ISLAMABAD: Keeping in view the impact of COVID-19 pandemic, the Gross Domestic Product of Pakistan is going to contract by 1.6% in the ongoing fiscal 2019-20 and will grow to 2.9% in the next financial year 2020-21, a report published in The News claimed on Saturday.
The loans from the International Monetary Fund and other multilateral and bilateral donors will help to ease the balance-of-payments pressures over the next few years. The current account will remain in deficit in 2020-24, the report, citing the Economist Intelligence Unit (EIU), added.
The Pakistani Rupee will depreciate against US dollar by Rs17.7 from an annual average of Rs160.8: US$1 in 2020 to Rs178.5: US$1 in 2024. Overseas workers’ remittances will fall sharply in 2020 owing to the pandemic induced global economic slowdown, the report noted.
The unemployment rate is projected to increase by 3.9% to 14.7% in current fiscal 2019-2020 from 10.8% in 2018-19 and is further forecast to plummet to 11.8% in 2020-21 and will go down to 9.4% in 2021-22 and projected to further decrease to 8.4% in 2023-24, it stated.
‘Armed forces to continue to shape policy’
The inflation rate is also projected to come down to average 7.4% in 2020, from 9.4% in 2019. However, the overall consumer price inflation is expected to be at average 6.2% a year in 2021-24. High food inflation in early 2020 and the impact of currency depreciation on import prices will keep inflationary pressures high, the report claimed.
This all has been forecast in a country report on Pakistan released from London on Thursday by the UK-based Economist Intelligence Unit (EIU), which has for 60 years been a source of information on business developments, economic and political trends, government regulations and corporate practice worldwide.
The Economist Intelligence Unit also painted the political scenarios of Pakistan saying that opposition parties will continue to be hobbled by the legal challenges facing their leaders. It also mentioned that the coronavirus pandemic has increased the risk to political stability.
“And more importantly, the armed forces will not only continue to shape Pakistan’s foreign and security policy, but it is likely to expand their formal influence over economic policy-making during the forecast period,” the report stated, according to The News.
‘Slowdown due to effects of virus lockdown’
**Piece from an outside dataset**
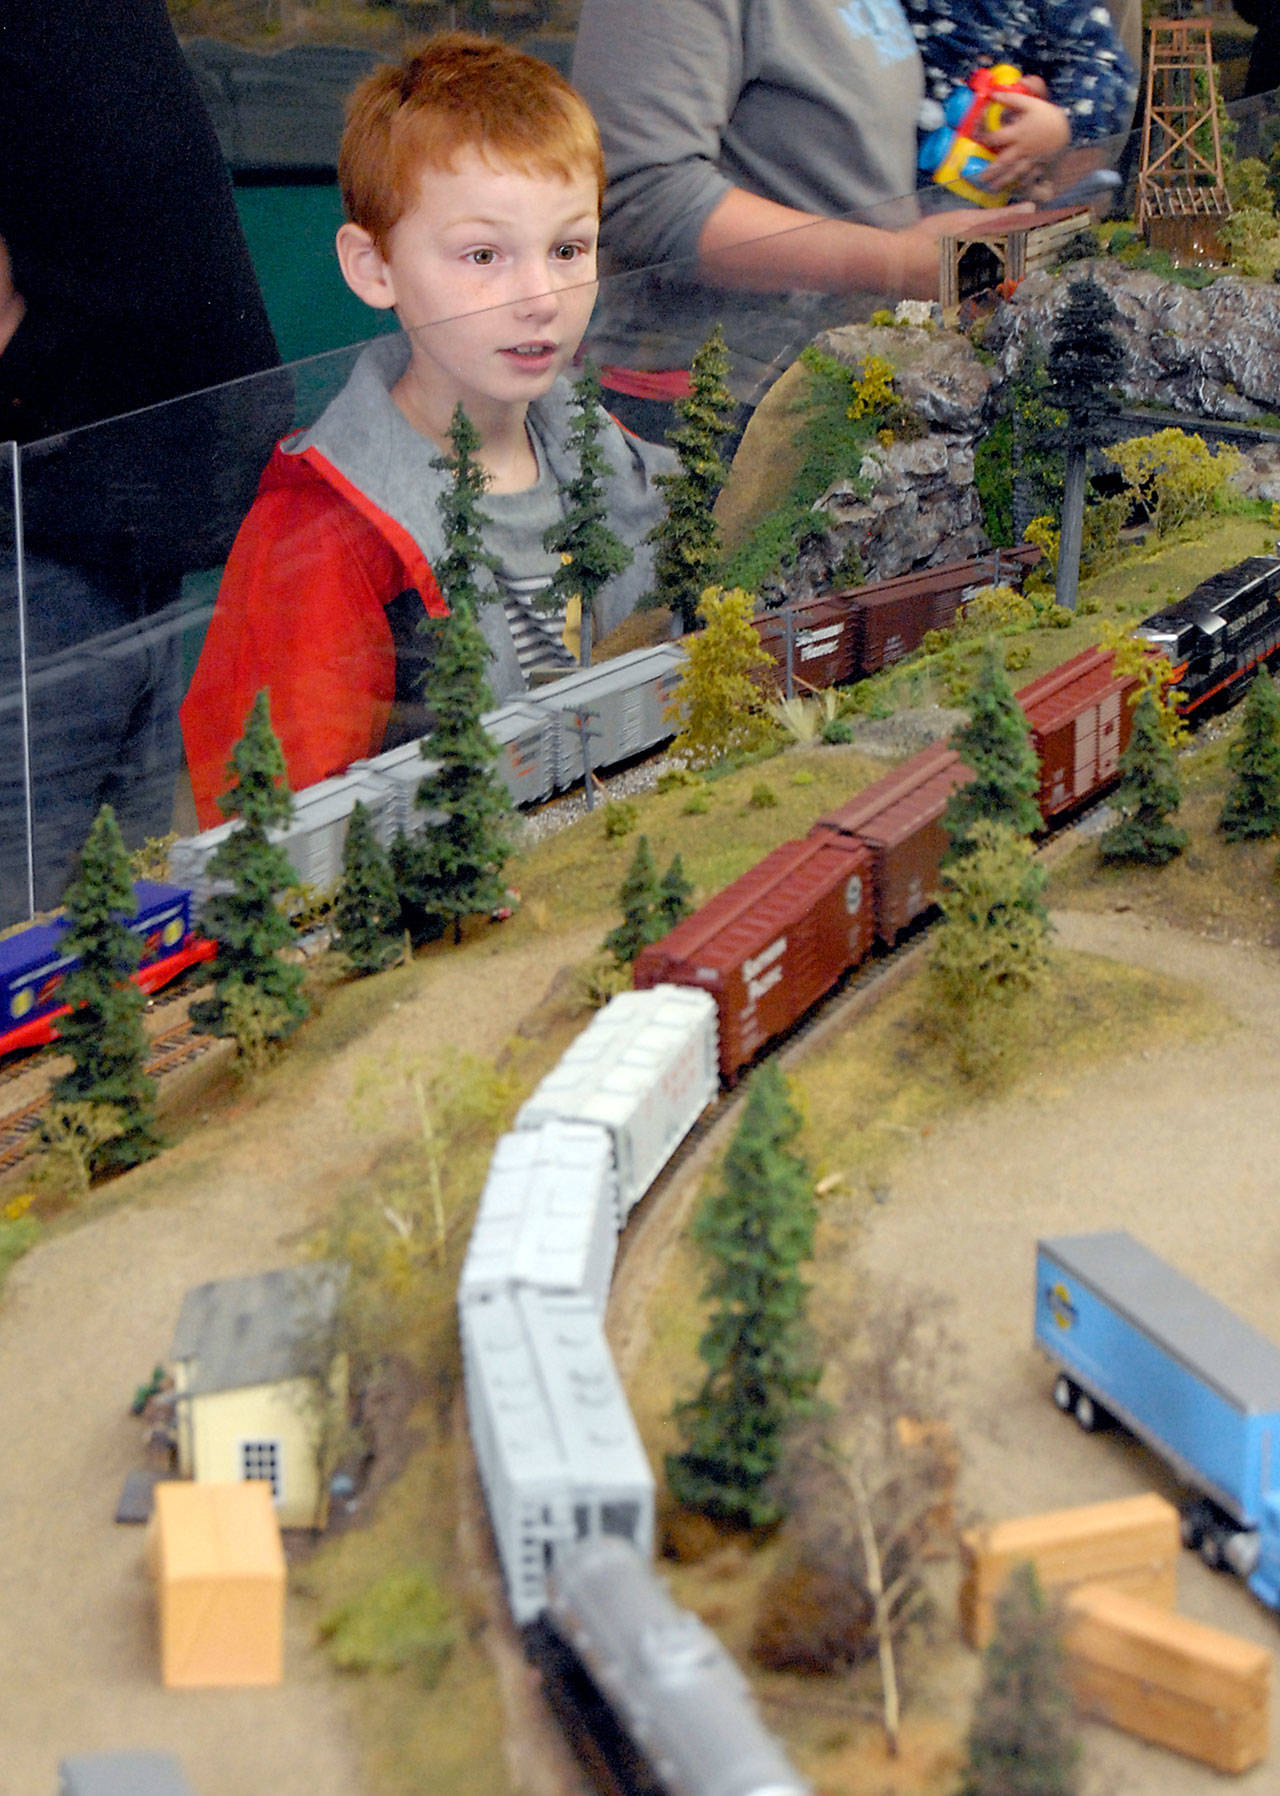 PHOTO: North Olympic Peninsula Railroaders’ train show on track for fun

Coming to the fiscal situation, the Economist Intelligence Unit in its report says that the real GDP is expected to contract by 1.6% in 2019-20, following the growth of 3.3% in 2018/19. “The slowdown will be due primarily to the economic effects of the shutdown measures,” it noted.
The slowdown is expected to be concentrated in the fourth quarter of 2019-20, when the measures will be at their strictest. The economic impact of these measures will spill into 2020-21. Private consumption growth will suffer from soured consumer confidence, it added.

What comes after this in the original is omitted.